Stored data –
····················
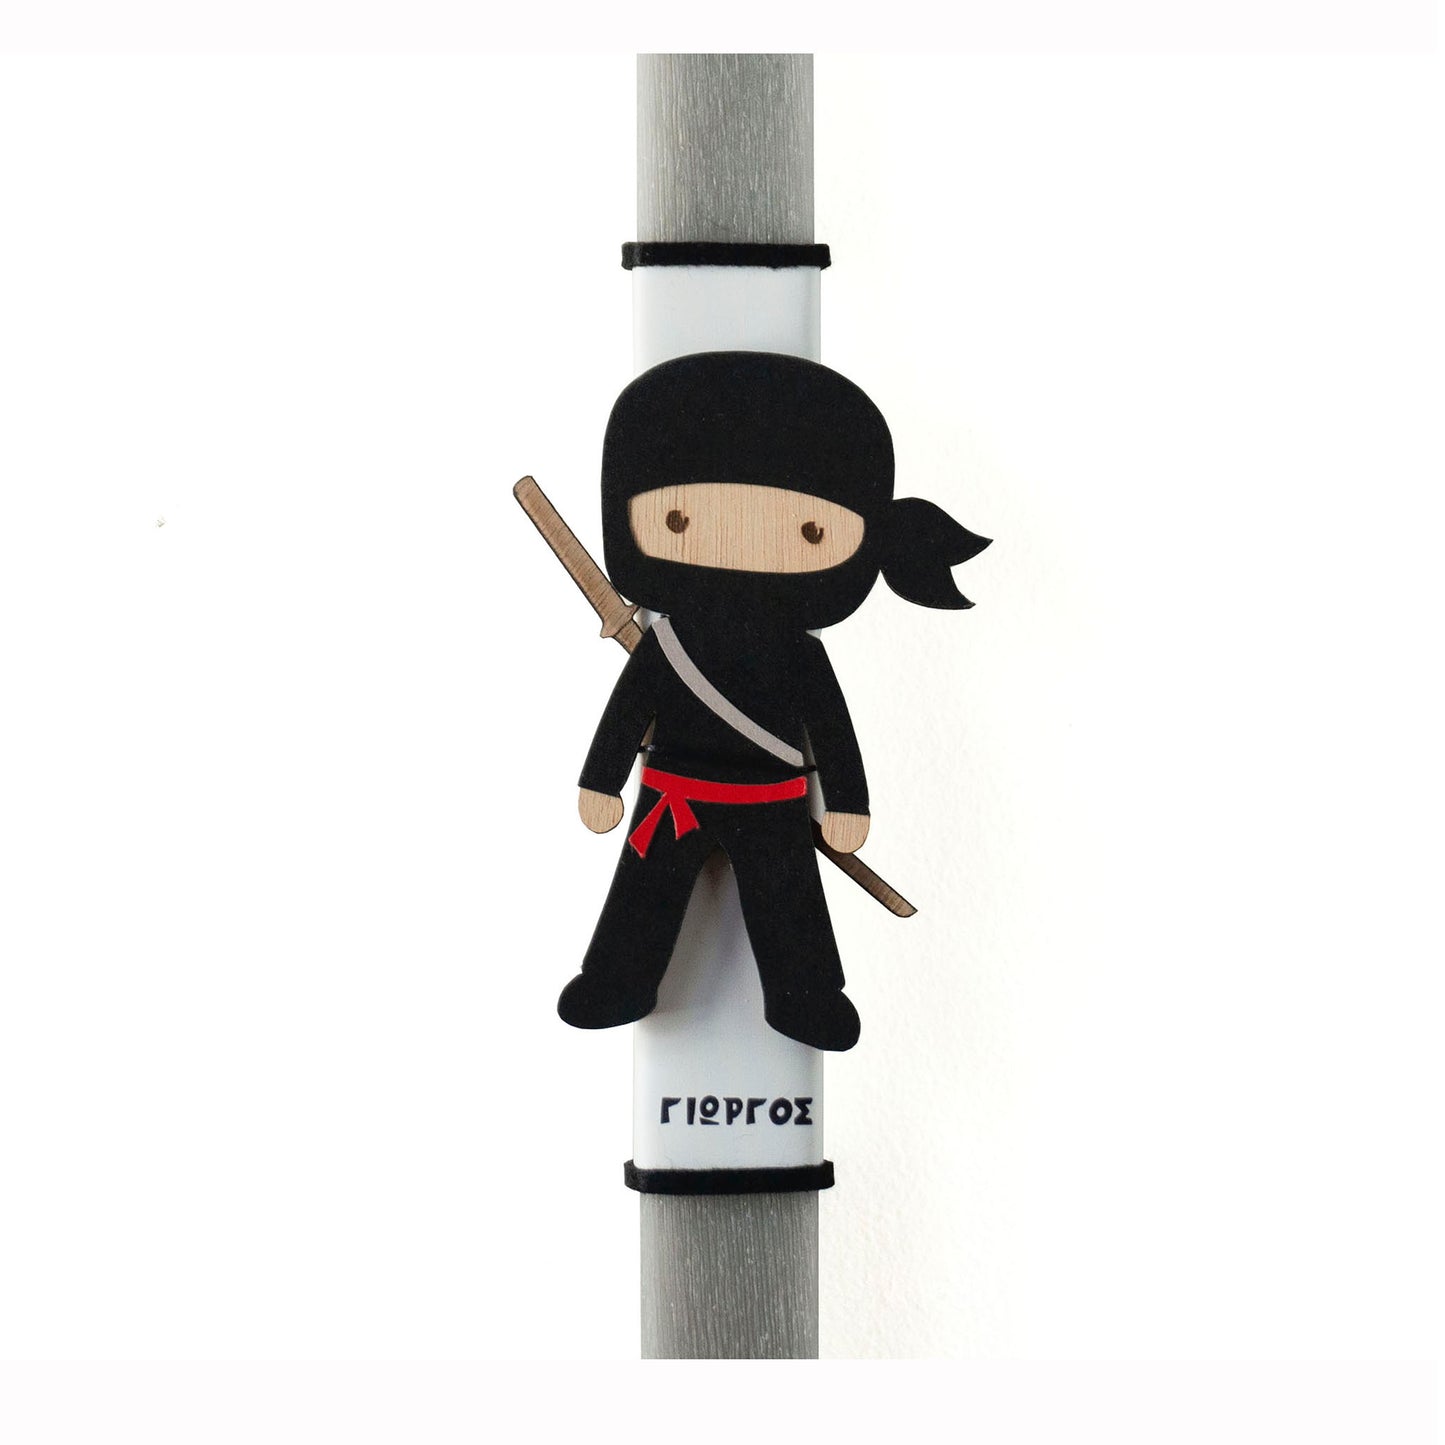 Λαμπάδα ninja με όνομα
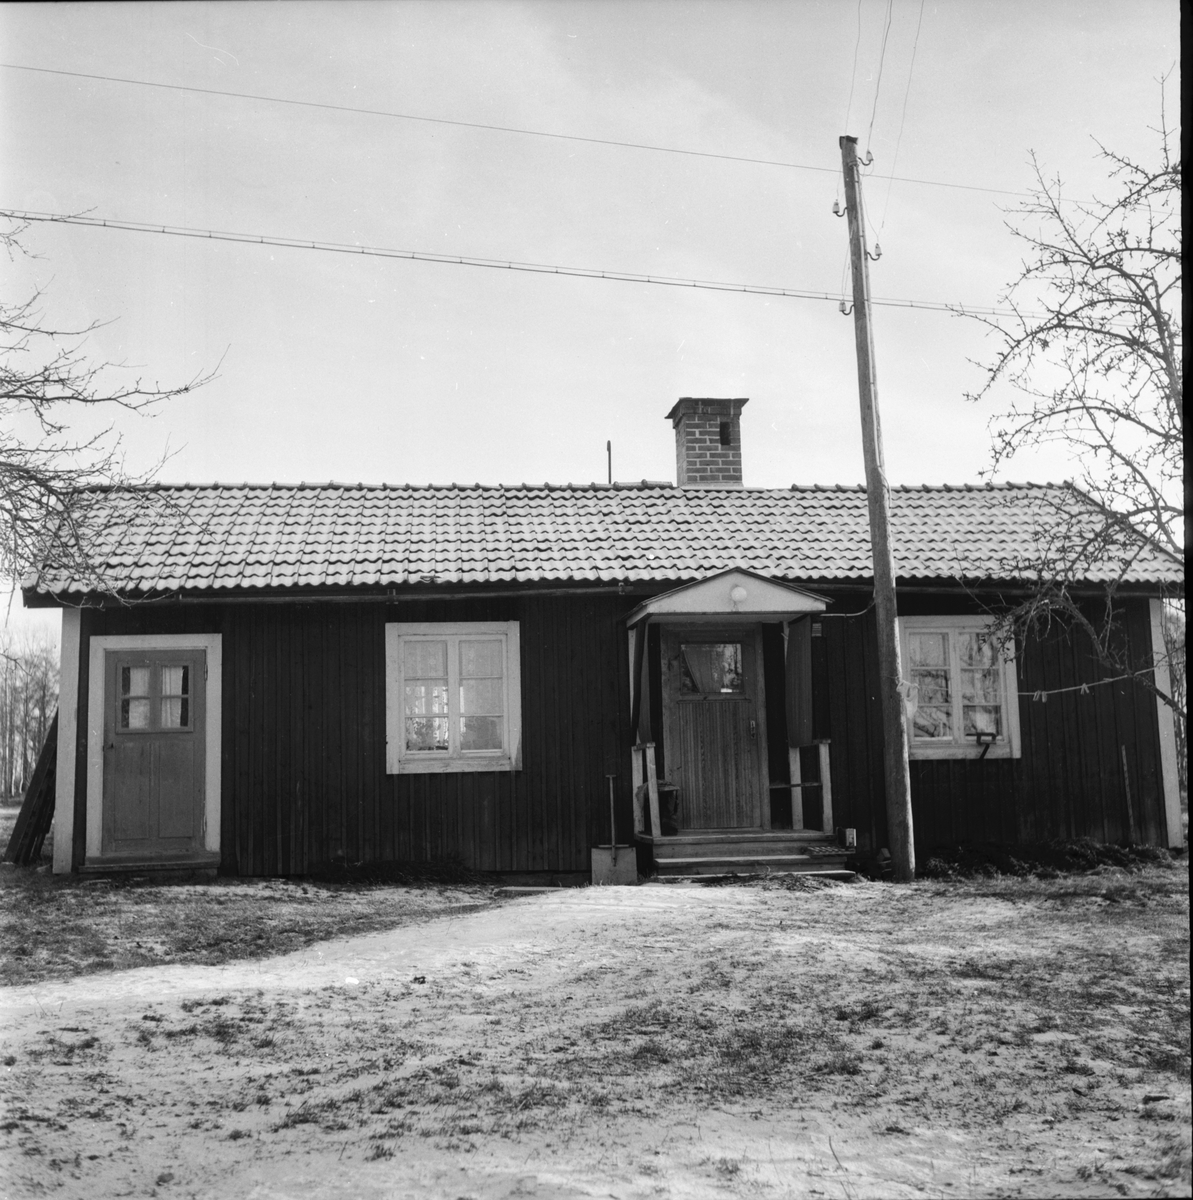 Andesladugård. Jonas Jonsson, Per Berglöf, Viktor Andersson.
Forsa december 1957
····················
Beginning with the line that contains "Andesladugård. Jonas Jonsson, Per" and ending with the last line of the data, transcribe each line exactly; pictures stay out.

 Andesladugård. Jonas Jonsson, Per Berglöf, Viktor Andersson.
Forsa december 1957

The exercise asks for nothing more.